The latter is used as a tool to serve human ends. Nature has no other
business in the novel except to ‘conspire’ to enable the individuals realised
their desires or dreams. Coelho’s novel exposed to the danger in defining the
whole universe in terms of humankind. This perspective has enthroned the
individual self that is freed from the community in the sovereign epicenter of
the universe by dethroning the Natural/ Divine. Here community is not just
community of humans but a community in which not only humans but also
all animate and inanimate objects – all creatures, all the mountains, rivers
and the flora and fauna, and also the mythical figures and the umpteen
varieties of memories and instincts converge and co-exist. Bringing out the
human from all this cosmic community and projecting man’s self and reason
as the grand narrative is the act of Modernity. This has been eulogized as
humanism. This phenomenal movement of man from nature to ‘human’ has
been celebrated by the novel.
A former president of USA was caught reading the novel. Hollywood actress
Julia Roberts extolled the novel. Paulo Coelho wrote about these in the
foreword and he knows that the alchemy of the book selling. The Alchemist
has become a textbook in several business schools in Europe and USA.
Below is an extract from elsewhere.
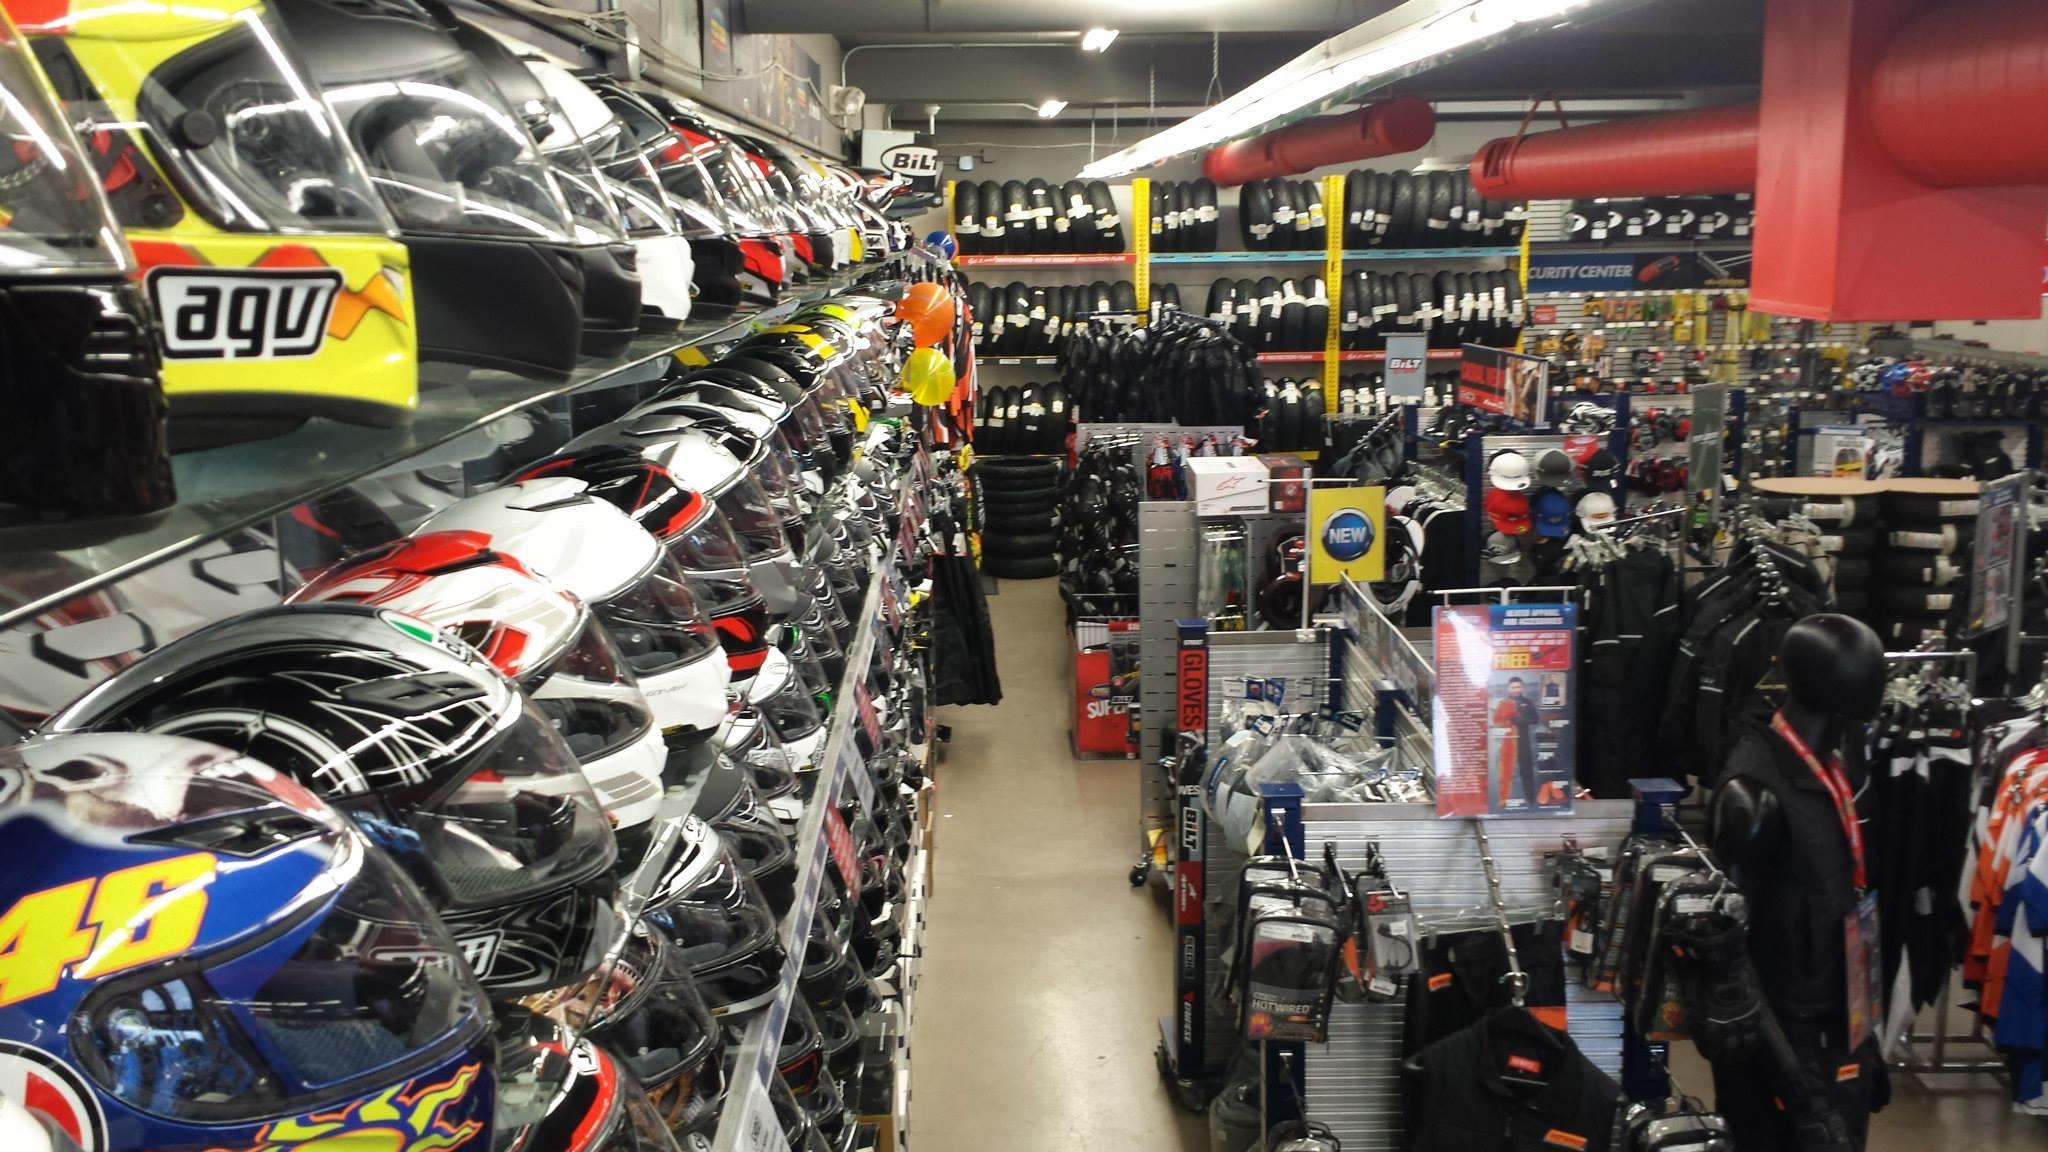 Cycle Gear Coupons near me in Edison, NJ 08817 | 8coupons

Dreams are divine language, longing for money is fine, pursuit of money
could be one’s legitimate life goal, and capitalism is quite natural: chief
messages of the novel. Coelho is the real alchemist who could convert words
into money. He is the invariable special invitee to all the Davos summits of
World Economic Forum, the foremost organisation of the world capitalism. It
felicitated him with its prestigious Crystal Award in 1999.